YOUR INSTRUCTIONS:
Every single line below has to be printed once more, exactly.

### DATA LISTING

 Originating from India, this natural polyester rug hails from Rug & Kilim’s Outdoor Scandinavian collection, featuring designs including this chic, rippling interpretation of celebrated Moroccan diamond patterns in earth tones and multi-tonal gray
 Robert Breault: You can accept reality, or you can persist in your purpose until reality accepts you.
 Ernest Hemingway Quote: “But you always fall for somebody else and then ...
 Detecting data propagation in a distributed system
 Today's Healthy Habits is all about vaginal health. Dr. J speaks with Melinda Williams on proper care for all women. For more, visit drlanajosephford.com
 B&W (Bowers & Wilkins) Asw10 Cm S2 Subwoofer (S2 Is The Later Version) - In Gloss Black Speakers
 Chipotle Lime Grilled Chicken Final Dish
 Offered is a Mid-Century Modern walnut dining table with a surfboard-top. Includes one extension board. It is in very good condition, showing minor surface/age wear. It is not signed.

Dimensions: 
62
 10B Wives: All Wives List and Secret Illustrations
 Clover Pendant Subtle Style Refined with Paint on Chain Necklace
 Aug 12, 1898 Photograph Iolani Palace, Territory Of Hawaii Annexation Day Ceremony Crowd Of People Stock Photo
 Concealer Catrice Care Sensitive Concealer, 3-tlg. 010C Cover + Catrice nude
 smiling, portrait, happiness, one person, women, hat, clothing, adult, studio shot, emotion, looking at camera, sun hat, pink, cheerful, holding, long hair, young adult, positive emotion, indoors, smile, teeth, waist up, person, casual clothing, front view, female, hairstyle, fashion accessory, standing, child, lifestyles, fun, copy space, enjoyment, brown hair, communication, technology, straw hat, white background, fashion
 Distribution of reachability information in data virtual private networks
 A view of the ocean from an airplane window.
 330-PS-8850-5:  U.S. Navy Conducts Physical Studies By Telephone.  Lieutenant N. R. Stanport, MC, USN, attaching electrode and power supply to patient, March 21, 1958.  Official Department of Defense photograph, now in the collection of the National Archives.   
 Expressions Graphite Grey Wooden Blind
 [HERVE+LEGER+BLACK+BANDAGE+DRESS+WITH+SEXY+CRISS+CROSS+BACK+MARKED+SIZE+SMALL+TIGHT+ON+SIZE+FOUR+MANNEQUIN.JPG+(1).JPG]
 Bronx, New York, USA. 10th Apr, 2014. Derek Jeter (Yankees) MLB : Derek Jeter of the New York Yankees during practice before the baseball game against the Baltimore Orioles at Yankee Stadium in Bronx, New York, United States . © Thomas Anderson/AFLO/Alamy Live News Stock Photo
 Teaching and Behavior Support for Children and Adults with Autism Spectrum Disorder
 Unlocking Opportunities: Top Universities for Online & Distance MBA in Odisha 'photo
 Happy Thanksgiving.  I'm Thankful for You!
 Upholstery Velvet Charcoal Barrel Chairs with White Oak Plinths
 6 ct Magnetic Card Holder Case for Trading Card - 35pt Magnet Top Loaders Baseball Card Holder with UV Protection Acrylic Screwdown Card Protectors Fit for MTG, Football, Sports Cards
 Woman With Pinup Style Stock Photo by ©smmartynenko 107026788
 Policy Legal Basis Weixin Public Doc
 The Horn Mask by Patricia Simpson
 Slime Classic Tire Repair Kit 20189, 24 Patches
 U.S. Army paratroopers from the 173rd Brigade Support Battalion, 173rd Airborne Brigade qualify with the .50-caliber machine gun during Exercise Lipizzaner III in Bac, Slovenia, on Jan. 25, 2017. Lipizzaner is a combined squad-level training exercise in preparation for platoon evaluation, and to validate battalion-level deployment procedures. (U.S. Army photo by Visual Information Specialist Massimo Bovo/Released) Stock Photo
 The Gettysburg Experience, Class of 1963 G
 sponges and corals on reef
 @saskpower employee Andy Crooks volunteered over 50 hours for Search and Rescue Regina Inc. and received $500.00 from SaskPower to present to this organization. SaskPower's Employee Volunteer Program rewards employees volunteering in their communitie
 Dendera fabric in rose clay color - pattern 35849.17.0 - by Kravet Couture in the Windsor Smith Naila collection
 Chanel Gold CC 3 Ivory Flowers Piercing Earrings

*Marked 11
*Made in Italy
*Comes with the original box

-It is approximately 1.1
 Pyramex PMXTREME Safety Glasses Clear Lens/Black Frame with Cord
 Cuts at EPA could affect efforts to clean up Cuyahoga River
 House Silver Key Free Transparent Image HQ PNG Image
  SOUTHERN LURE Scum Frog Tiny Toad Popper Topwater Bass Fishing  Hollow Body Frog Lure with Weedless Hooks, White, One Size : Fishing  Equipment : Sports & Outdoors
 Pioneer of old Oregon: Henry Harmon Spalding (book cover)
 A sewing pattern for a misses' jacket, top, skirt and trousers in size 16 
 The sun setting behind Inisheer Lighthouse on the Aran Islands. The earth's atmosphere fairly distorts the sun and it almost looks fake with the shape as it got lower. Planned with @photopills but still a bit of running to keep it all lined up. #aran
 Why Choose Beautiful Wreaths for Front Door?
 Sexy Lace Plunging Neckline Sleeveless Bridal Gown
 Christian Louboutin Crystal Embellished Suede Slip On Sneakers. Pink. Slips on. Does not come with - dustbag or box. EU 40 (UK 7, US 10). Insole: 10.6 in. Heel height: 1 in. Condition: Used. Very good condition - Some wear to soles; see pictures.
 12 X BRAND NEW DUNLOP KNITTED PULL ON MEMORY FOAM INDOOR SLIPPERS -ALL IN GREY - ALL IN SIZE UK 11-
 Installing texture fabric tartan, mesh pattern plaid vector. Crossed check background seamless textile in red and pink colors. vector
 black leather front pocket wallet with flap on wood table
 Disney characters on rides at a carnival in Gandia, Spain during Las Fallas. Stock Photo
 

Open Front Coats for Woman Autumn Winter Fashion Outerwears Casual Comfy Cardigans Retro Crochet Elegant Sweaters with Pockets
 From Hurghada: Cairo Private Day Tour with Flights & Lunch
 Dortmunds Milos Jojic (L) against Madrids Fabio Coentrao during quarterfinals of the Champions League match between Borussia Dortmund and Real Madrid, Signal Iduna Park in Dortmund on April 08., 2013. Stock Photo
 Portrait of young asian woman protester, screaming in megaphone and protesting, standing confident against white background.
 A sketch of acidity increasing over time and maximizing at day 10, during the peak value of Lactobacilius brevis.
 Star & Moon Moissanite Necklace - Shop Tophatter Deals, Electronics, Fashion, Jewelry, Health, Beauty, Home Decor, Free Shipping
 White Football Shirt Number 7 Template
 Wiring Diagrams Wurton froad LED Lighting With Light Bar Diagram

######

EXERCISE ANSWER:
 Originating from India, this natural polyester rug hails from Rug & Kilim’s Outdoor Scandinavian collection, featuring designs including this chic, rippling interpretation of celebrated Moroccan diamond patterns in earth tones and multi-tonal gray
 Robert Breault: You can accept reality, or you can persist in your purpose until reality accepts you.
 Ernest Hemingway Quote: “But you always fall for somebody else and then ...
 Detecting data propagation in a distributed system
 Today's Healthy Habits is all about vaginal health. Dr. J speaks with Melinda Williams on proper care for all women. For more, visit drlanajosephford.com
 B&W (Bowers & Wilkins) Asw10 Cm S2 Subwoofer (S2 Is The Later Version) - In Gloss Black Speakers
 Chipotle Lime Grilled Chicken Final Dish
 Offered is a Mid-Century Modern walnut dining table with a surfboard-top. Includes one extension board. It is in very good condition, showing minor surface/age wear. It is not signed.

Dimensions: 
62
 10B Wives: All Wives List and Secret Illustrations
 Clover Pendant Subtle Style Refined with Paint on Chain Necklace
 Aug 12, 1898 Photograph Iolani Palace, Territory Of Hawaii Annexation Day Ceremony Crowd Of People Stock Photo
 Concealer Catrice Care Sensitive Concealer, 3-tlg. 010C Cover + Catrice nude
 smiling, portrait, happiness, one person, women, hat, clothing, adult, studio shot, emotion, looking at camera, sun hat, pink, cheerful, holding, long hair, young adult, positive emotion, indoors, smile, teeth, waist up, person, casual clothing, front view, female, hairstyle, fashion accessory, standing, child, lifestyles, fun, copy space, enjoyment, brown hair, communication, technology, straw hat, white background, fashion
 Distribution of reachability information in data virtual private networks
 A view of the ocean from an airplane window.
 330-PS-8850-5:  U.S. Navy Conducts Physical Studies By Telephone.  Lieutenant N. R. Stanport, MC, USN, attaching electrode and power supply to patient, March 21, 1958.  Official Department of Defense photograph, now in the collection of the National Archives.   
 Expressions Graphite Grey Wooden Blind
 [HERVE+LEGER+BLACK+BANDAGE+DRESS+WITH+SEXY+CRISS+CROSS+BACK+MARKED+SIZE+SMALL+TIGHT+ON+SIZE+FOUR+MANNEQUIN.JPG+(1).JPG]
 Bronx, New York, USA. 10th Apr, 2014. Derek Jeter (Yankees) MLB : Derek Jeter of the New York Yankees during practice before the baseball game against the Baltimore Orioles at Yankee Stadium in Bronx, New York, United States . © Thomas Anderson/AFLO/Alamy Live News Stock Photo
 Teaching and Behavior Support for Children and Adults with Autism Spectrum Disorder
 Unlocking Opportunities: Top Universities for Online & Distance MBA in Odisha 'photo
 Happy Thanksgiving.  I'm Thankful for You!
 Upholstery Velvet Charcoal Barrel Chairs with White Oak Plinths
 6 ct Magnetic Card Holder Case for Trading Card - 35pt Magnet Top Loaders Baseball Card Holder with UV Protection Acrylic Screwdown Card Protectors Fit for MTG, Football, Sports Cards
 Woman With Pinup Style Stock Photo by ©smmartynenko 107026788
 Policy Legal Basis Weixin Public Doc
 The Horn Mask by Patricia Simpson
 Slime Classic Tire Repair Kit 20189, 24 Patches
 U.S. Army paratroopers from the 173rd Brigade Support Battalion, 173rd Airborne Brigade qualify with the .50-caliber machine gun during Exercise Lipizzaner III in Bac, Slovenia, on Jan. 25, 2017. Lipizzaner is a combined squad-level training exercise in preparation for platoon evaluation, and to validate battalion-level deployment procedures. (U.S. Army photo by Visual Information Specialist Massimo Bovo/Released) Stock Photo
 The Gettysburg Experience, Class of 1963 G
 sponges and corals on reef
 @saskpower employee Andy Crooks volunteered over 50 hours for Search and Rescue Regina Inc. and received $500.00 from SaskPower to present to this organization. SaskPower's Employee Volunteer Program rewards employees volunteering in their communitie
 Dendera fabric in rose clay color - pattern 35849.17.0 - by Kravet Couture in the Windsor Smith Naila collection
 Chanel Gold CC 3 Ivory Flowers Piercing Earrings

*Marked 11
*Made in Italy
*Comes with the original box

-It is approximately 1.1
 Pyramex PMXTREME Safety Glasses Clear Lens/Black Frame with Cord
 Cuts at EPA could affect efforts to clean up Cuyahoga River
 House Silver Key Free Transparent Image HQ PNG Image
  SOUTHERN LURE Scum Frog Tiny Toad Popper Topwater Bass Fishing  Hollow Body Frog Lure with Weedless Hooks, White, One Size : Fishing  Equipment : Sports & Outdoors
 Pioneer of old Oregon: Henry Harmon Spalding (book cover)
 A sewing pattern for a misses' jacket, top, skirt and trousers in size 16 
 The sun setting behind Inisheer Lighthouse on the Aran Islands. The earth's atmosphere fairly distorts the sun and it almost looks fake with the shape as it got lower. Planned with @photopills but still a bit of running to keep it all lined up. #aran
 Why Choose Beautiful Wreaths for Front Door?
 Sexy Lace Plunging Neckline Sleeveless Bridal Gown
 Christian Louboutin Crystal Embellished Suede Slip On Sneakers. Pink. Slips on. Does not come with - dustbag or box. EU 40 (UK 7, US 10). Insole: 10.6 in. Heel height: 1 in. Condition: Used. Very good condition - Some wear to soles; see pictures.
 12 X BRAND NEW DUNLOP KNITTED PULL ON MEMORY FOAM INDOOR SLIPPERS -ALL IN GREY - ALL IN SIZE UK 11-
 Installing texture fabric tartan, mesh pattern plaid vector. Crossed check background seamless textile in red and pink colors. vector
 black leather front pocket wallet with flap on wood table
 Disney characters on rides at a carnival in Gandia, Spain during Las Fallas. Stock Photo
 

Open Front Coats for Woman Autumn Winter Fashion Outerwears Casual Comfy Cardigans Retro Crochet Elegant Sweaters with Pockets
 From Hurghada: Cairo Private Day Tour with Flights & Lunch
 Dortmunds Milos Jojic (L) against Madrids Fabio Coentrao during quarterfinals of the Champions League match between Borussia Dortmund and Real Madrid, Signal Iduna Park in Dortmund on April 08., 2013. Stock Photo
 Portrait of young asian woman protester, screaming in megaphone and protesting, standing confident against white background.
 A sketch of acidity increasing over time and maximizing at day 10, during the peak value of Lactobacilius brevis.
 Star & Moon Moissanite Necklace - Shop Tophatter Deals, Electronics, Fashion, Jewelry, Health, Beauty, Home Decor, Free Shipping
 White Football Shirt Number 7 Template
 Wiring Diagrams Wurton froad LED Lighting With Light Bar Diagram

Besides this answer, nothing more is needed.